All available controls

Controls are organized by usage concern: security, cost optimization, and data hygiene.

Security controls detect and correct configuration that could lead to increased risk of a security incident in your Datadog account.

Unused API Keys
Identifies API keys that have not been used within your specified time threshold, helping reduce security risks from dormant credentials. The default threshold is 30 days of inactivity, and can be adjusted.

Enforcement automatically identifies and revokes inactive API keys to improve security and reduce potential attack surface.

Unused Application Keys
Identifies application keys that have not been used within your specified time threshold, helping reduce security risks from dormant credentials. The default threshold is 30 days of inactivity, and can be adjusted.
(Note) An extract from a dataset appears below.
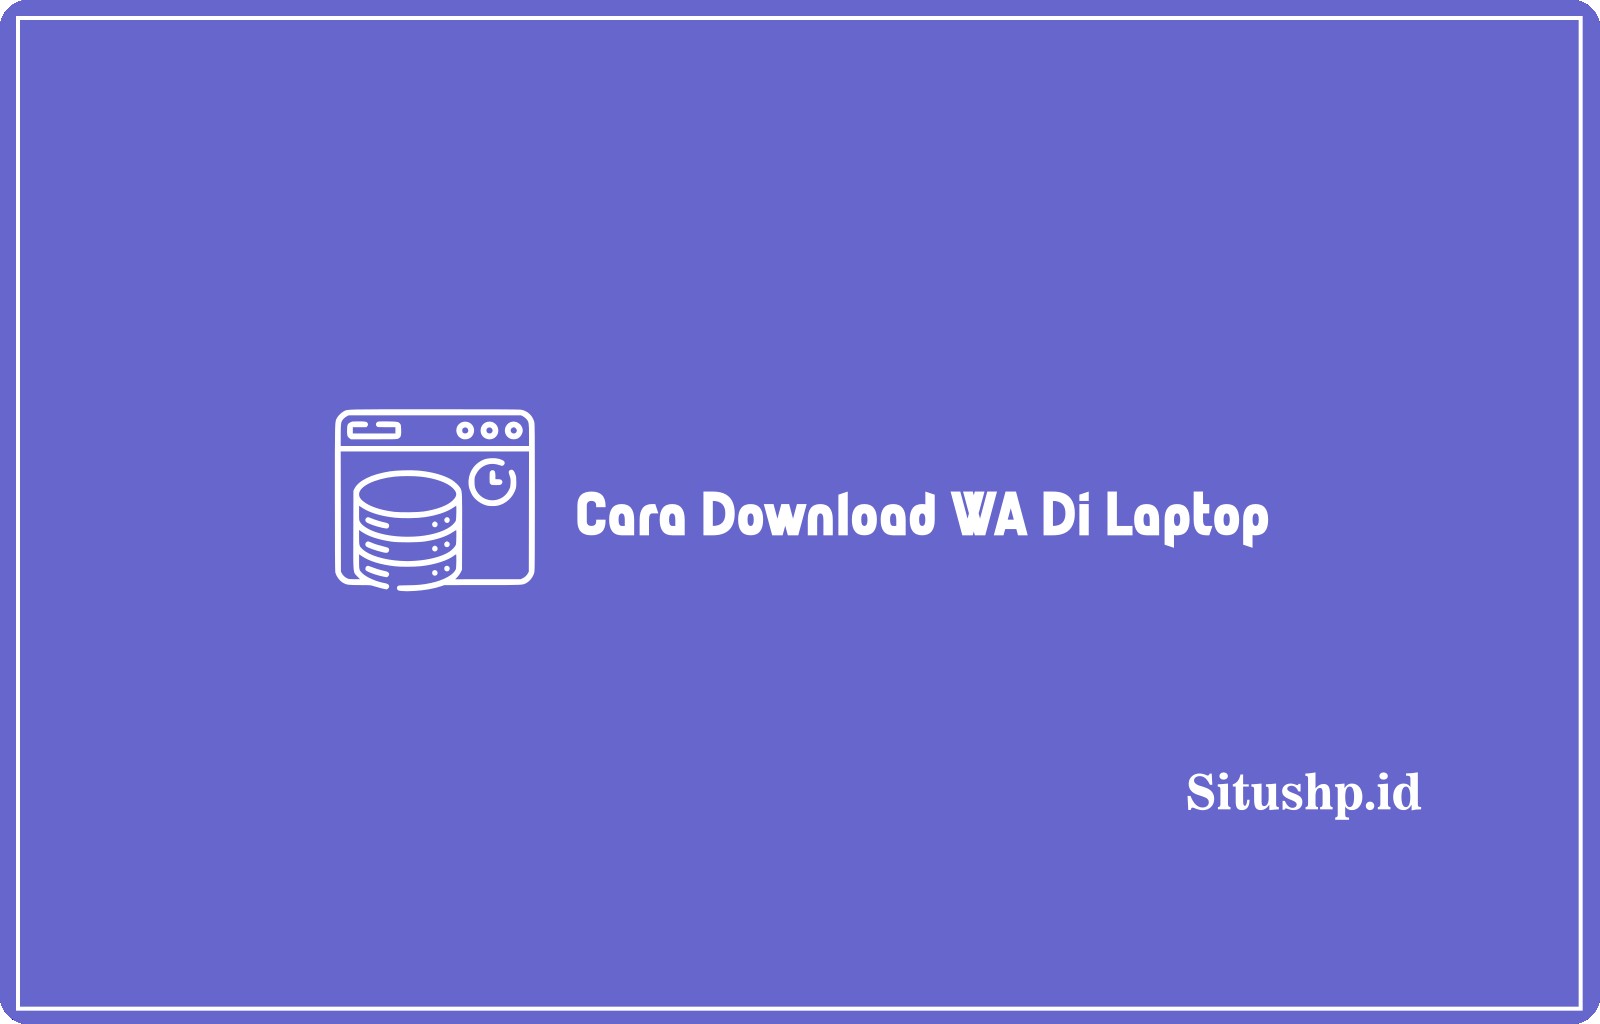 Cara Download WA Di Laptop

Enforcement automatically identifies and revokes inactive application keys to improve security and reduce potential attack surface.

Roles Without Users
Identifies roles that have no active users assigned to them, indicating potential cleanup opportunities.

This control does not support enforcement. Manual removal of unused roles required.

Users in No Teams
Identifies active users that are not in any teams, indicating potential cleanup opportunities.
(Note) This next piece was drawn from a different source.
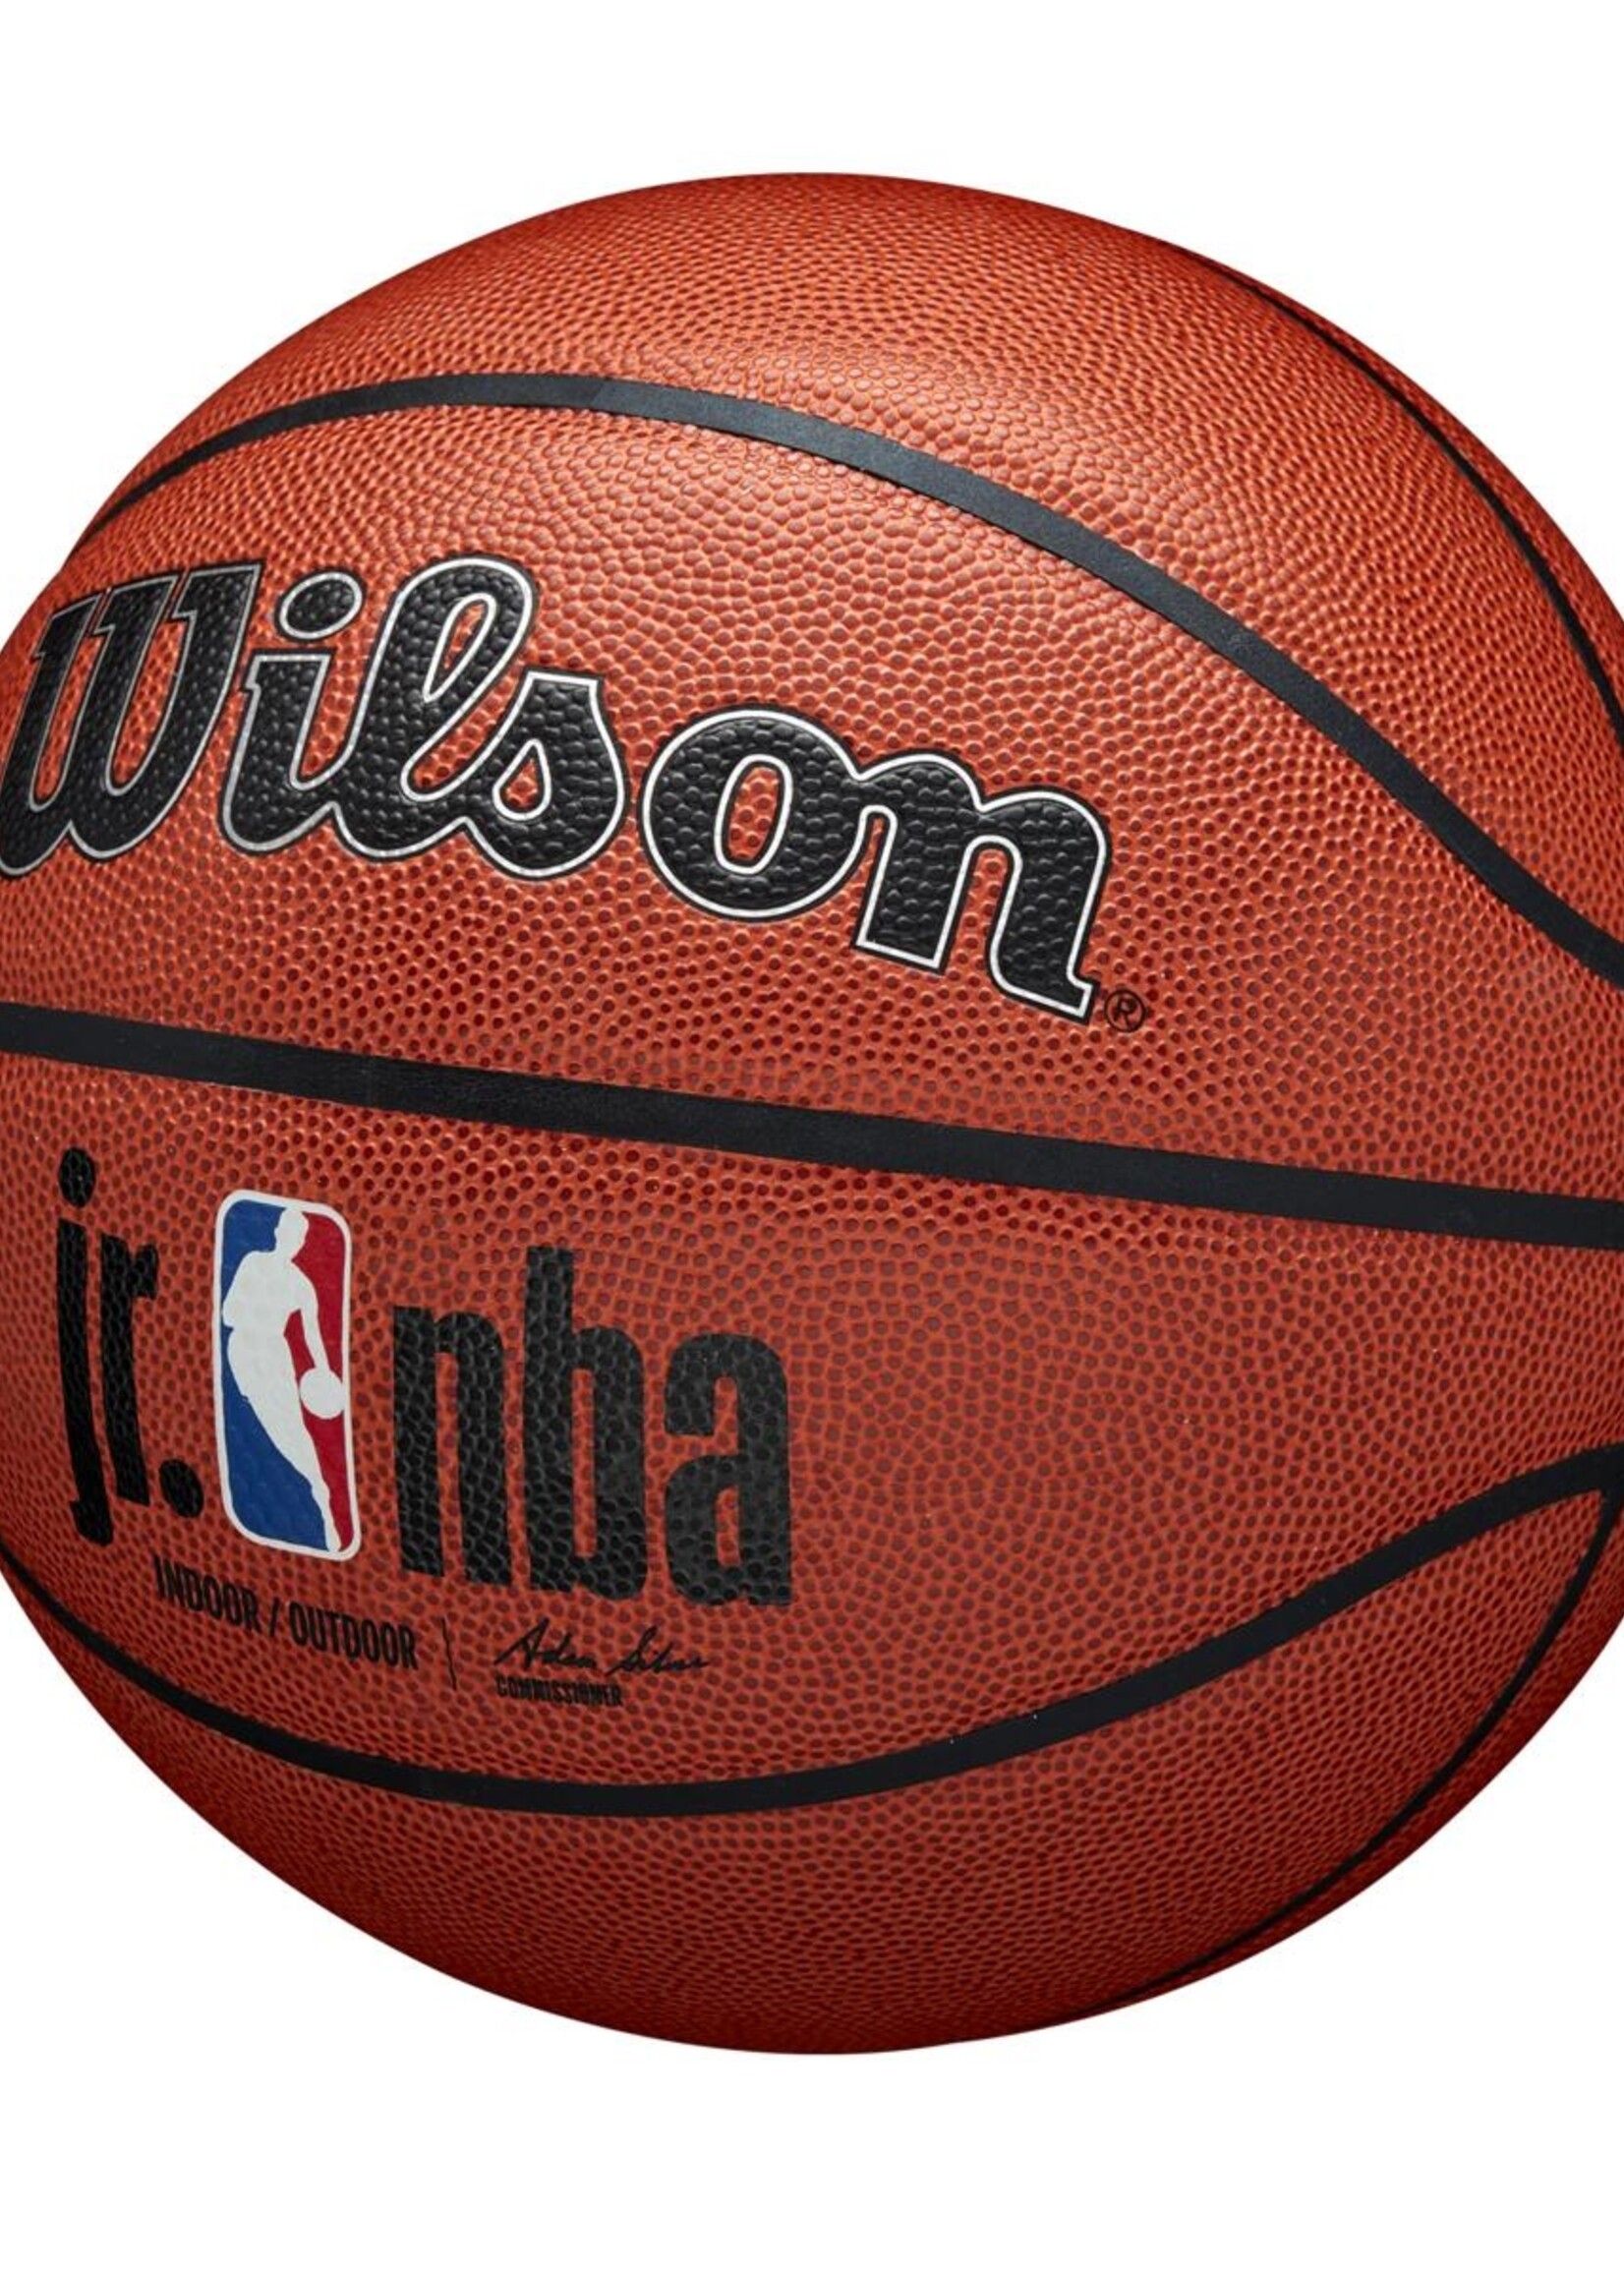 Wilson Wilson JR NBA Authentic Indoor Outdoor Basketball (7)

This control does not support enforcement.

Cost optimization controls detect and correct configuration that could lead to increased spending on low value usage.

Unqueried Metrics
Identifies metrics that are rarely or never queried and are not associated with any monitors, dashboards, SLOs, or notebooks, indicating potential cost savings opportunities.

Enforcement automatically removes unused metric tags using Metrics without Limits™ to optimize cardinality and reduce costs.

Inactive Metric Tag
Identifies metric tags that are rarely or never queried and are not associated with any monitors, dashboards, SLOs, or notebooks, presenting opportunities to reduce cardinality and costs.

Enforcement automatically configures Metrics without Limits™ to allowlist only active tags on filtered metrics, optimizing cardinality and cost efficiency.

Synthetic Tests with Muted Monitors
Identifies synthetic tests with muted monitors, which may indicate potential cost savings opportunities.

This control does not support enforcement.

Data hygiene controls detect and correct configuration that could lead to increased assets that are low quality or have unclear ownership.

Unused Dashboards
Identifies dashboards that have not been viewed within your specified time threshold, helping maintain a clean and organized workspace. The default Dashboard Query includes all dashboards, but can be adjusted to select a specific scope of dashboards. The default Dashboard Activity Lookback Period is 30 days of query activity, and can be adjusted.

Enforcement automatically deletes dashboards to maintain a clean and organized workspace.

Dashboards Owned by Disabled Users
Identifies dashboards whose owner is a disabled user, which may impact dashboard maintenance and updates. The default Dashboard Query includes all dashboards, but can be adjusted to select a specific scope of dashboards.

This control does not support enforcement.

Dashboards Without Team Tags
Identifies dashboards that lack a team tag, making it difficult to track ownership and maintain accountability. The default Dashboard Query includes all dashboards, but can be adjusted to select a specific scope of dashboards. The default Dashboard Activity Lookback Period is 30 days of query activity, and can be adjusted.

This control does not support enforcement.

Notebooks Without Team Tags
Identifies notebooks that lack a team tag, making it difficult to track ownership and maintain accountability.

This control does not support enforcement.

Monitors Without Team Tags
Identifies monitors that lack a team tag, making it difficult to track ownership and maintain accountability.

This control does not support enforcement.

Monitors with Broken Notification Handles
Identifies monitors that contain invalid or broken @-mention handles, which may prevent notifications from reaching the intended recipients.

This control does not support enforcement.